The concept of a join operation is to join and merge or extract data from two different dataframes or data sources. You use the join operation in Spark to join rows in a dataframe based on relational columns. It adds the data that satisfies the relation to the range but excludes the data that does not satisfy the relation.
There are various types of PySpark JOINS that allow you to join numerous datasets and manipulate them as needed. The following are the most commonly used join operations:-

 

* Inner Join,

* Full Outer Join,

* Right Outer Join,

* Left Outer Join,

* Left Semi Join, etc.

### General Syntax for PySpark Join-
 

##### join(self, other, on=None, how=None). 

 

The PySpark join operation takes the following parameters. It returns a single DataFrame as a result-

 

* other- Dataframe on right side of the join operation

* on- a string for the joining column name

* how-  Inner, outer, full, full outer, left, left outer, right, right outer, left semi, and left anti are the only options. By default, its value is ‘inner’.

Let us now look at the various PySpark Join types and their syntax and examples.

Before diving into the PySpark Join types, we first create two datasets/tables- Emp and Dept. Column "emp_id" is unique in the emp dataset, and "dept id" is unique in the dept dataset. Also, the emp dataset's emp_dept_id has a relation to the dept dataset's dept_id.

 

In [1]:
from pyspark.sql import SparkSession

In [2]:
spark = SparkSession.builder.appName("Joins").getOrCreate()

22/10/18 17:44:13 WARN Utils: Your hostname, pallavi-xps resolves to a loopback address: 127.0.1.1; using 192.168.1.79 instead (on interface wlp2s0)
22/10/18 17:44:13 WARN Utils: Set SPARK_LOCAL_IP if you need to bind to another address


Setting default log level to "WARN".
To adjust logging level use sc.setLogLevel(newLevel). For SparkR, use setLogLevel(newLevel).

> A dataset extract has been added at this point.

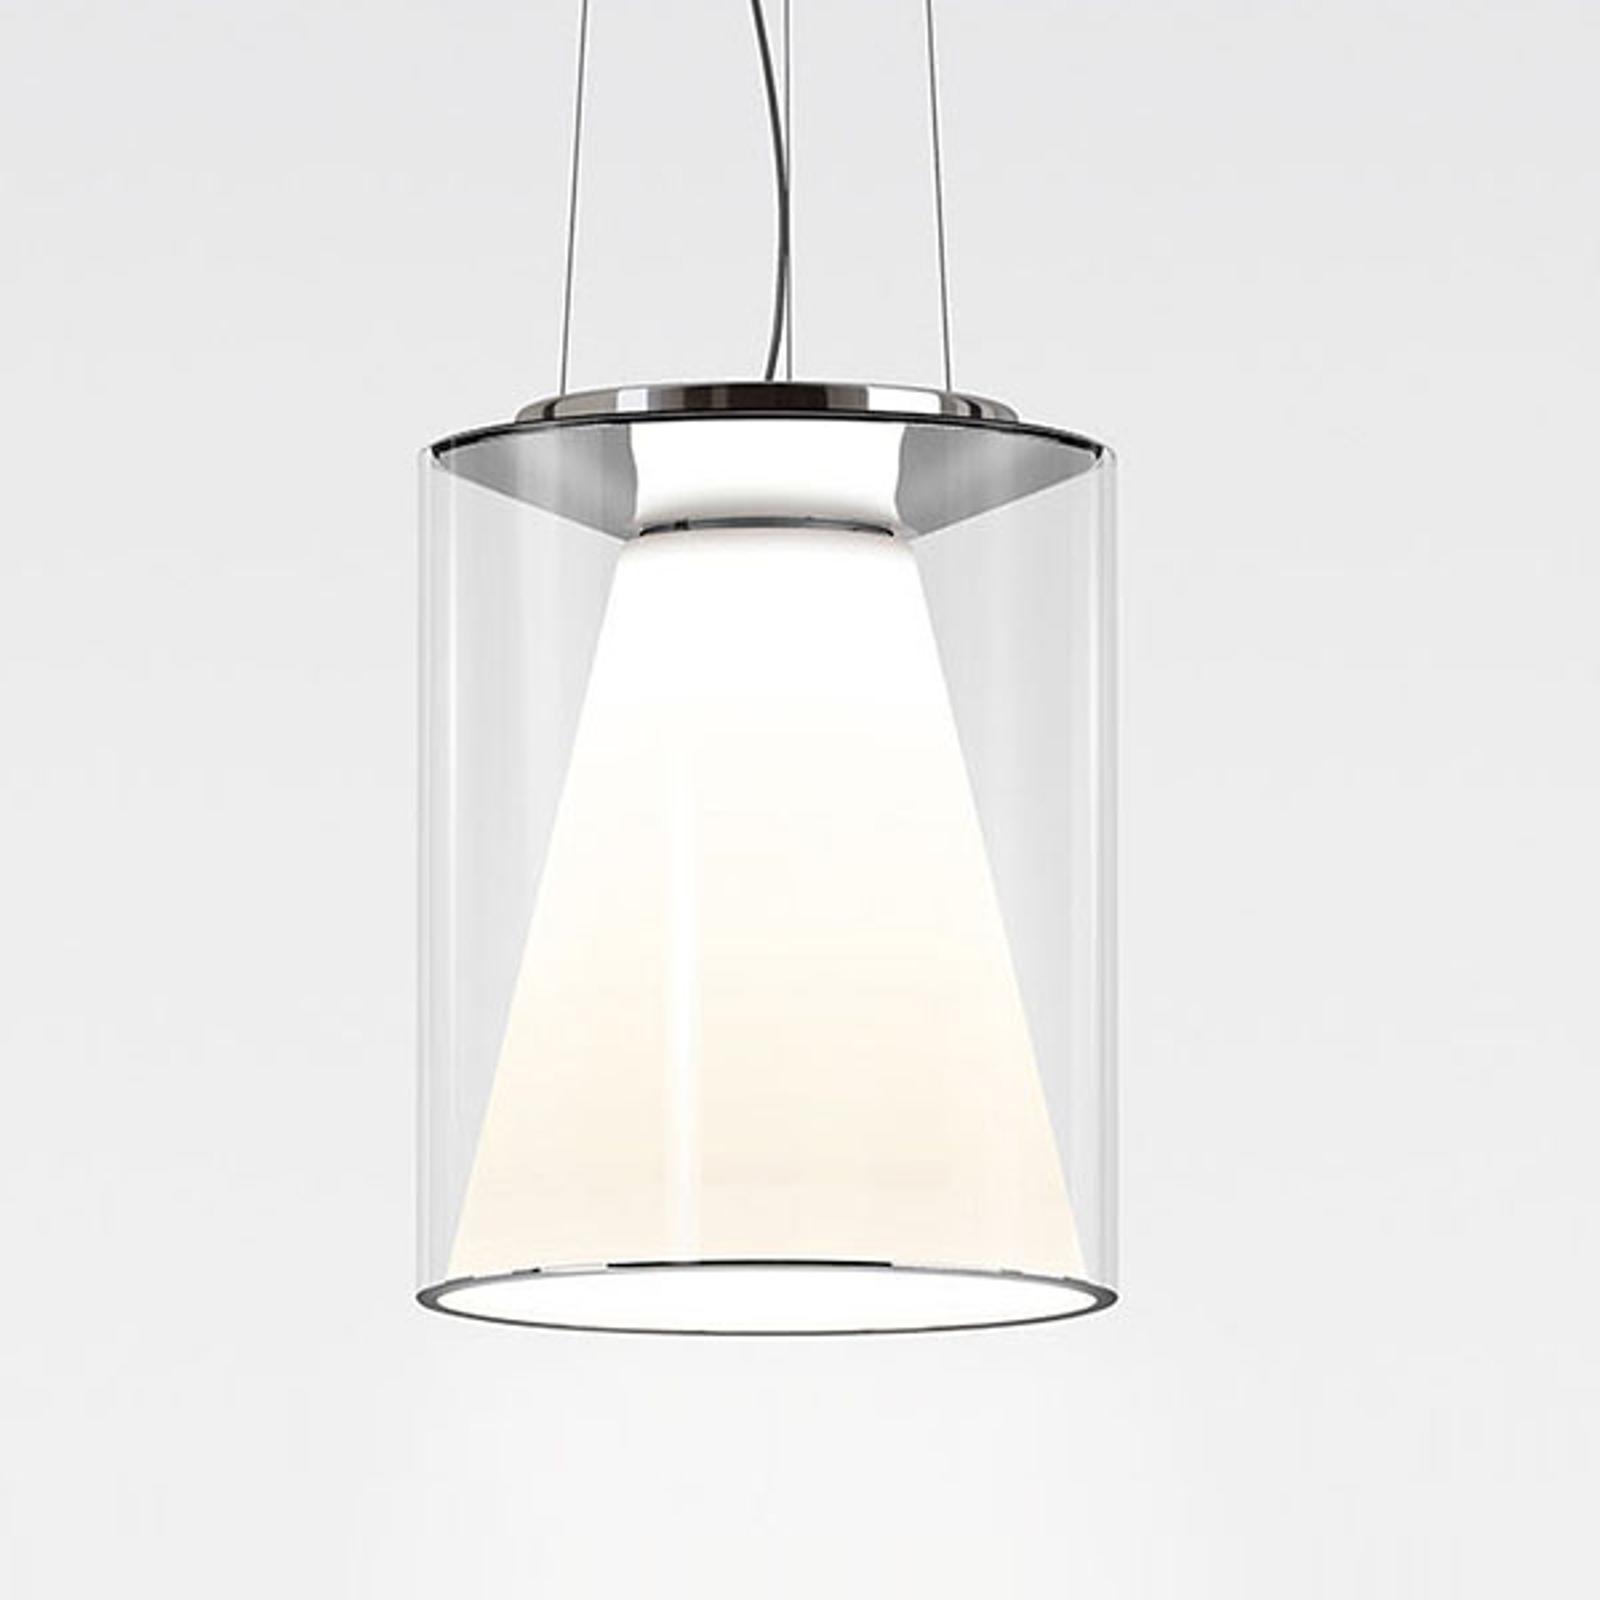 serien.lighting Drum M Pendel Seil 927 Triac hoch
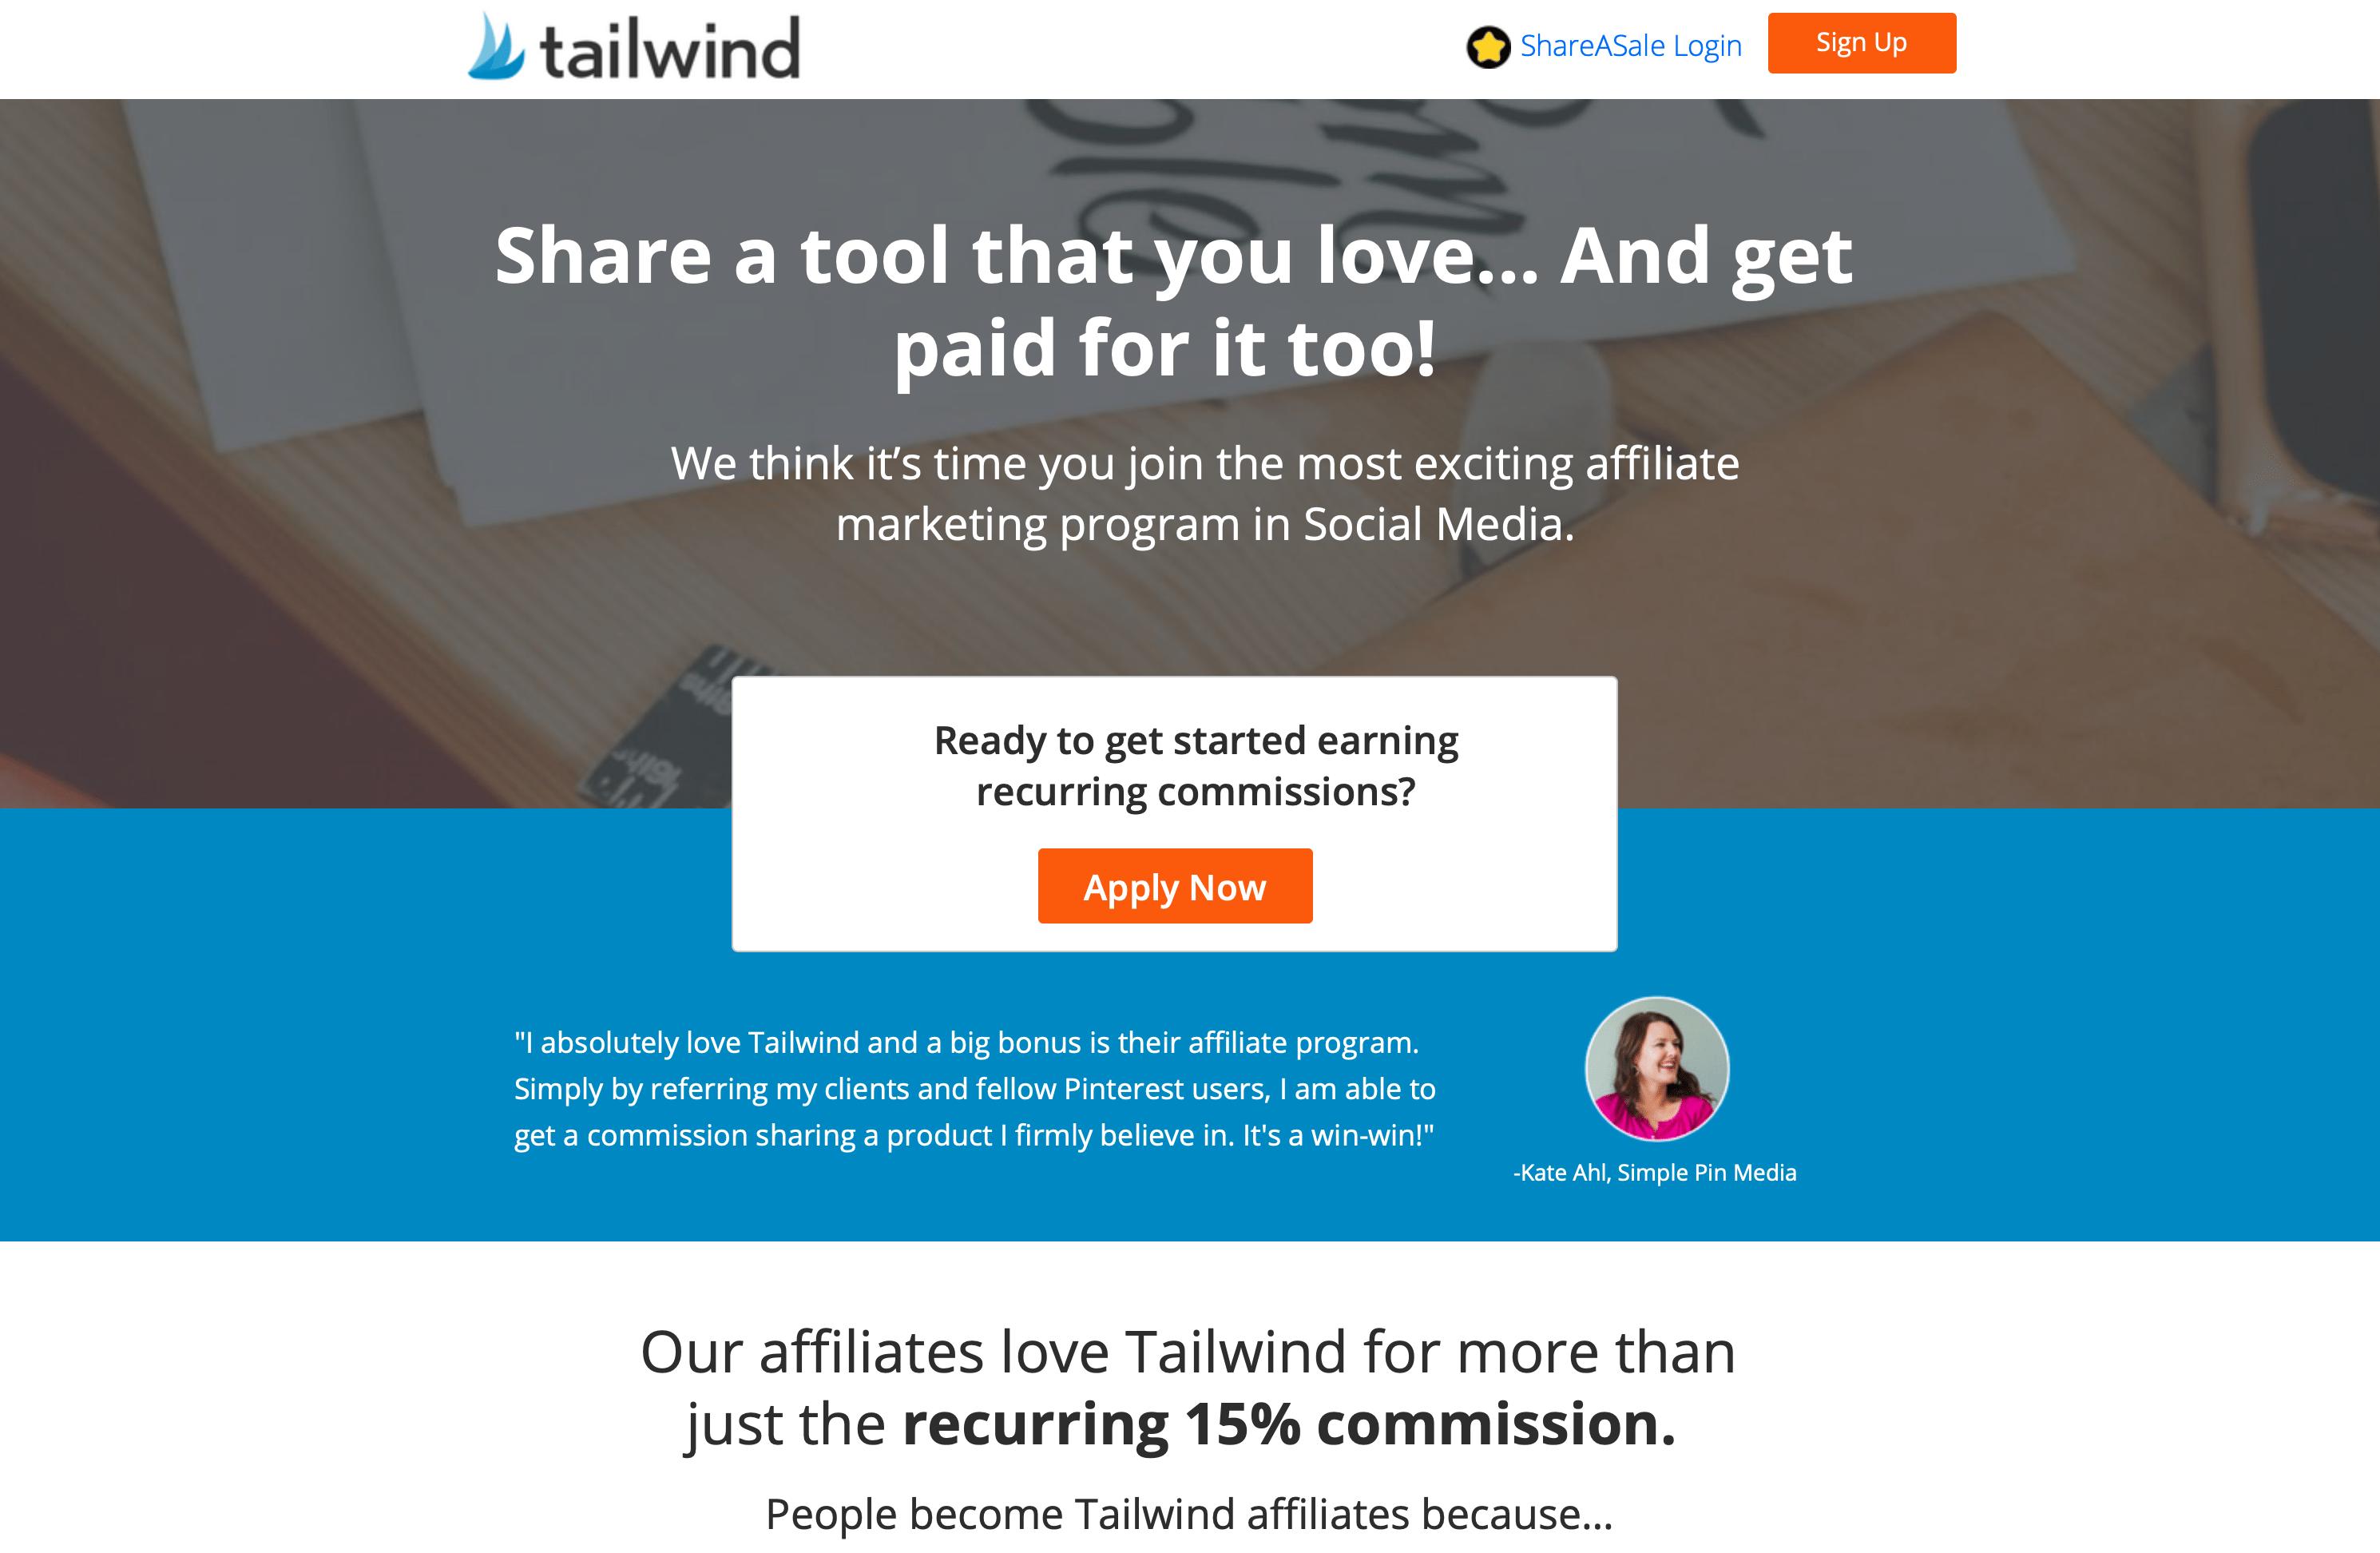 tailwind-affiliate-program

22/10/18 17:44:13 WARN NativeCodeLoader: Unable to load native-hadoop library for your platform... using builtin-java classes where applicable
22/10/18 17:44:14 WARN Utils: Service 'SparkUI' could not bind on port 4040. Attempting port 4041.
22/10/18 17:44:14 WARN Utils: Service 'SparkUI' could not bind on port 4041. Attempting port 4042.
22/10/18 17:44:14 WARN Utils: Service 'SparkUI' could not bind on port 4042. Attempting port 4043.


In [3]:
emp = [(1,"John","2018","10","M",3000), \

    (2,"Dario","2010","20","M",4000), \

    (3,"Ross","2010","10","M",1000), \

    (4,"Rachel","2005","40","F",2000), \

    (5,"Monica","2010","50","F",3000), \

 ]
empColumns = ["emp_id","name","year_joined", \

       "emp_dept_id","gender","salary"]

In [4]:
empDF = spark.createDataFrame(data=emp, schema = empColumns)

empDF.printSchema()

empDF.show(truncate=False)

root
 |-- emp_id: long (nullable = true)
 |-- name: string (nullable = true)
 |-- year_joined: string (nullable = true)
 |-- emp_dept_id: string (nullable = true)
 |-- gender: string (nullable = true)
 |-- salary: long (nullable = true)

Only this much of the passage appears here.